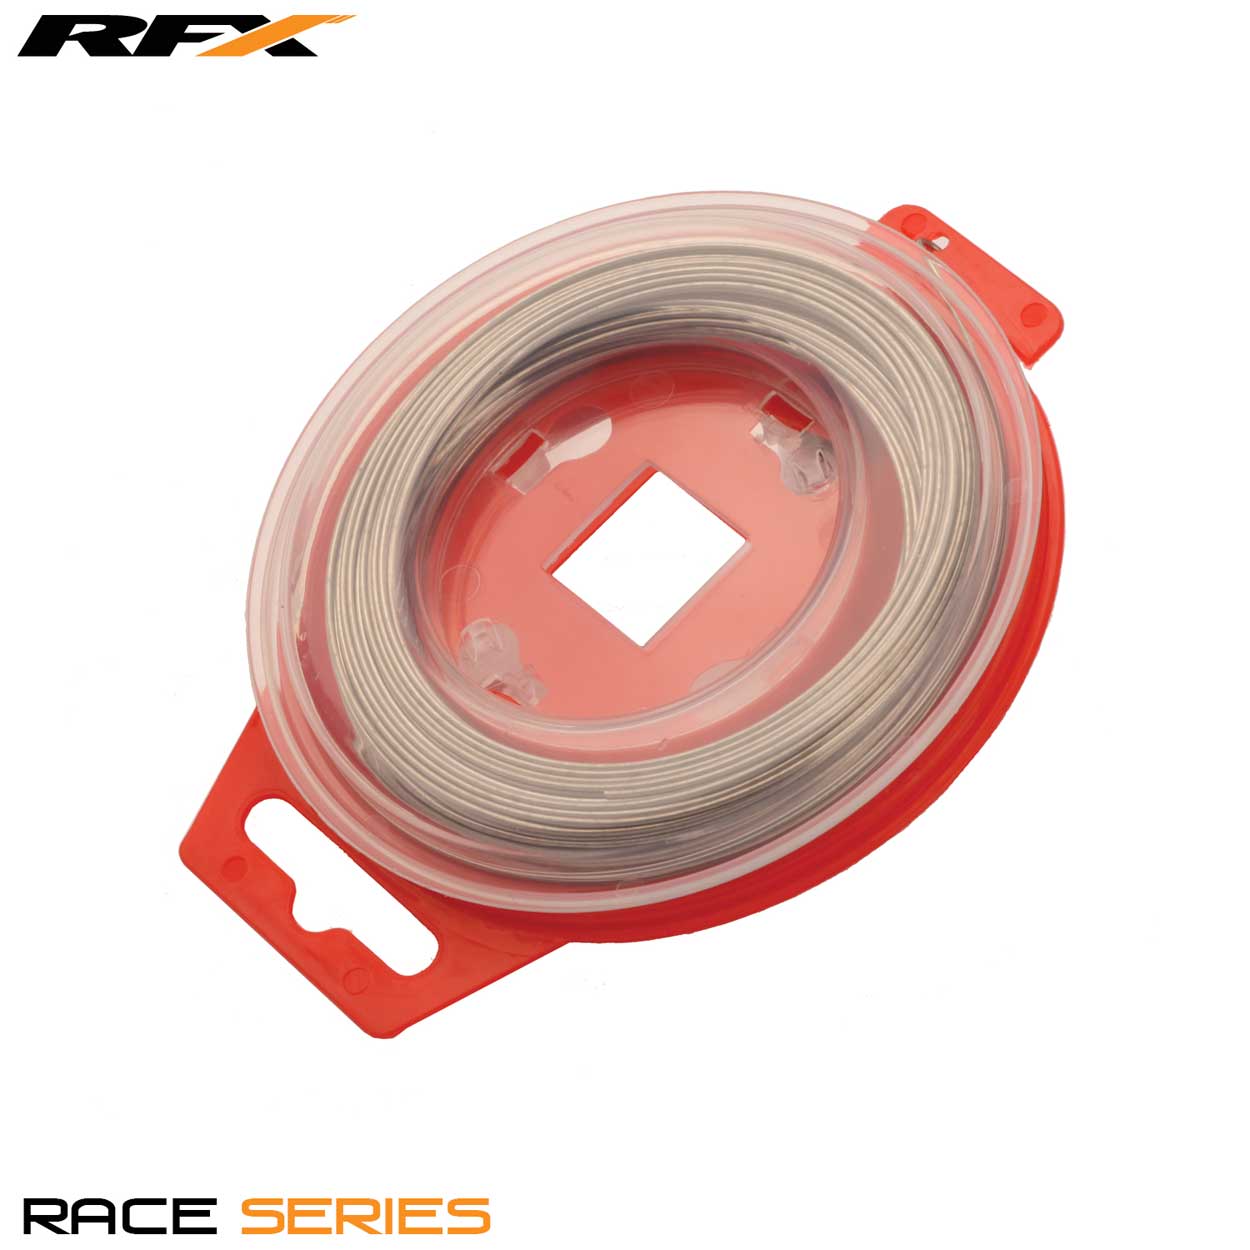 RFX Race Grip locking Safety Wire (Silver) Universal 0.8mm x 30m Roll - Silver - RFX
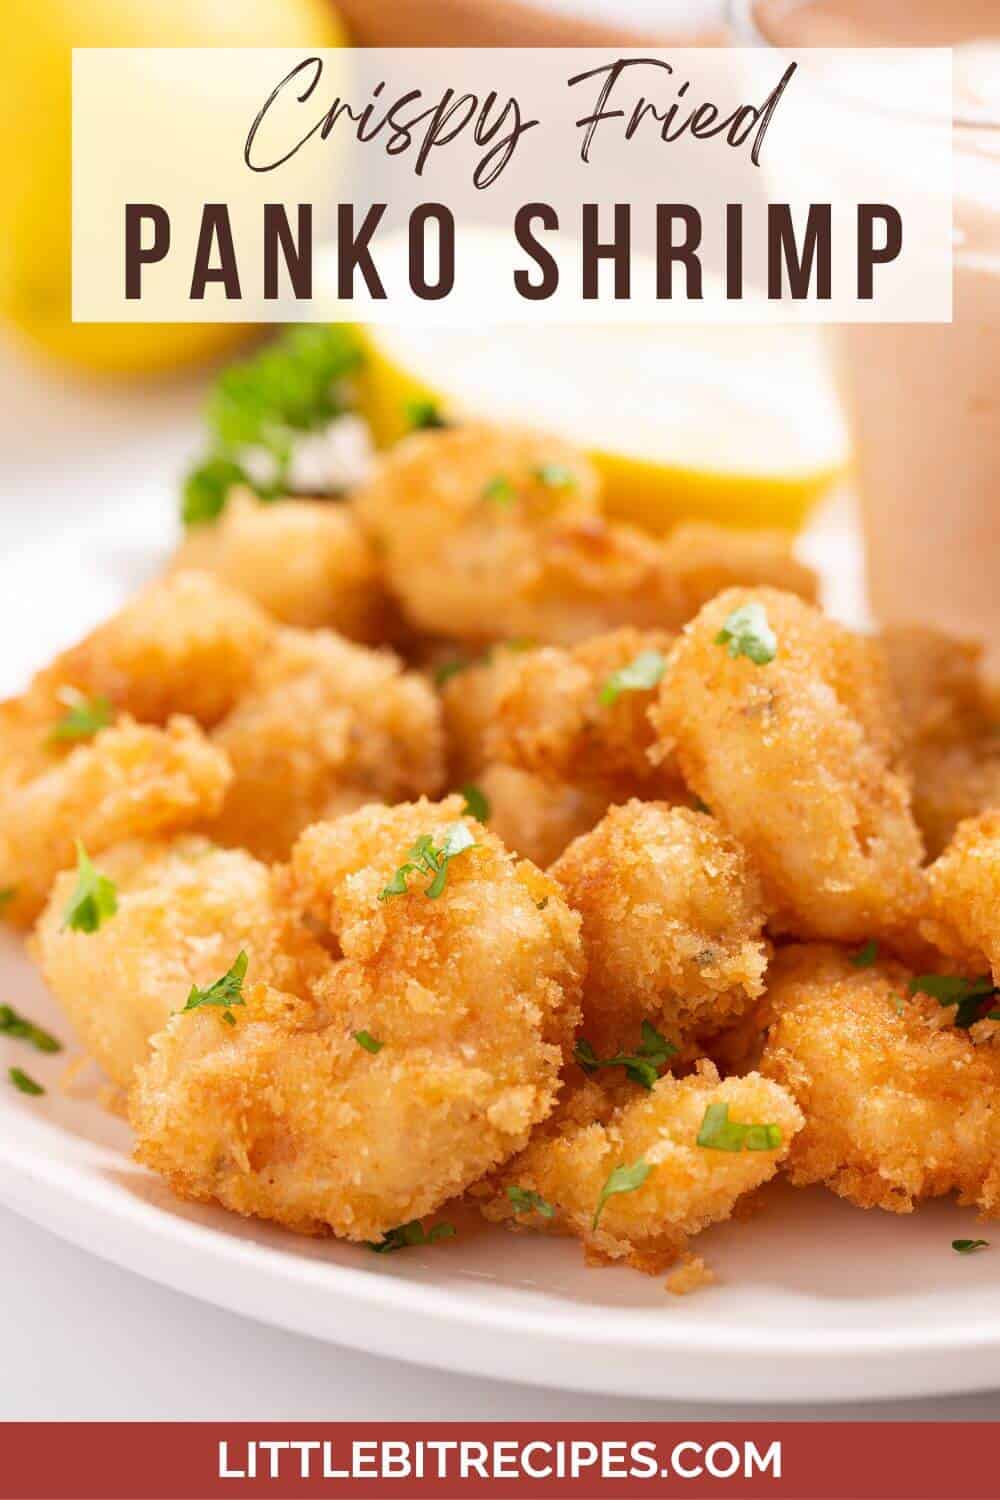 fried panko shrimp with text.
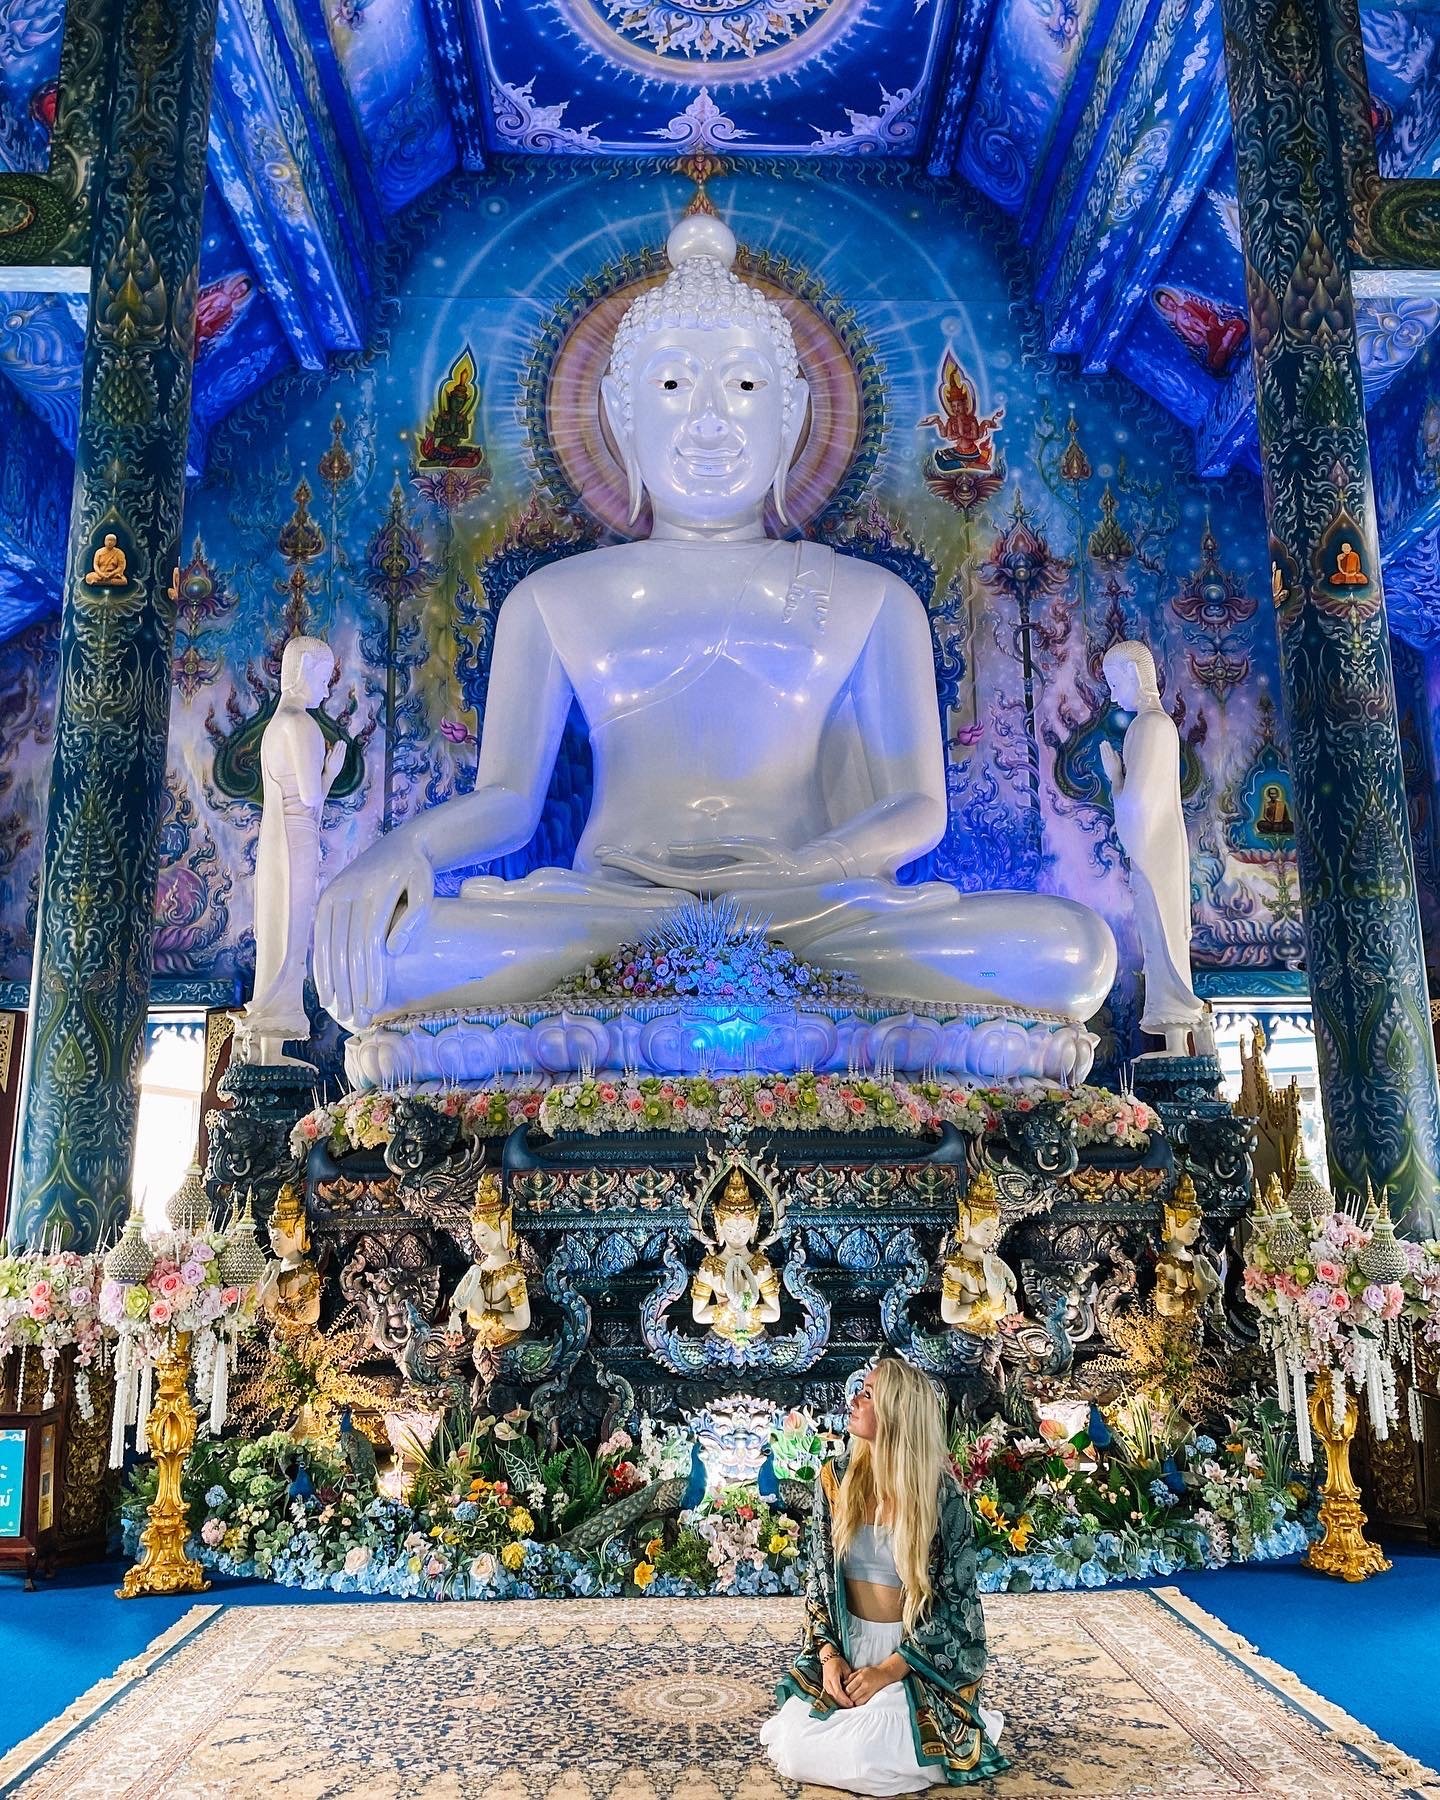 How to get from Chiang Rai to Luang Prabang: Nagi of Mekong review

■ WHAT YOU NEED TO DO: A faithful copy of the data above is wanted, with every image left out.

■ EXERCISE ANSWER:
 RFX Race Grip locking Safety Wire (Silver) Universal 0.8mm x 30m Roll - Silver - RFX
 fried panko shrimp with text.
 How to get from Chiang Rai to Luang Prabang: Nagi of Mekong review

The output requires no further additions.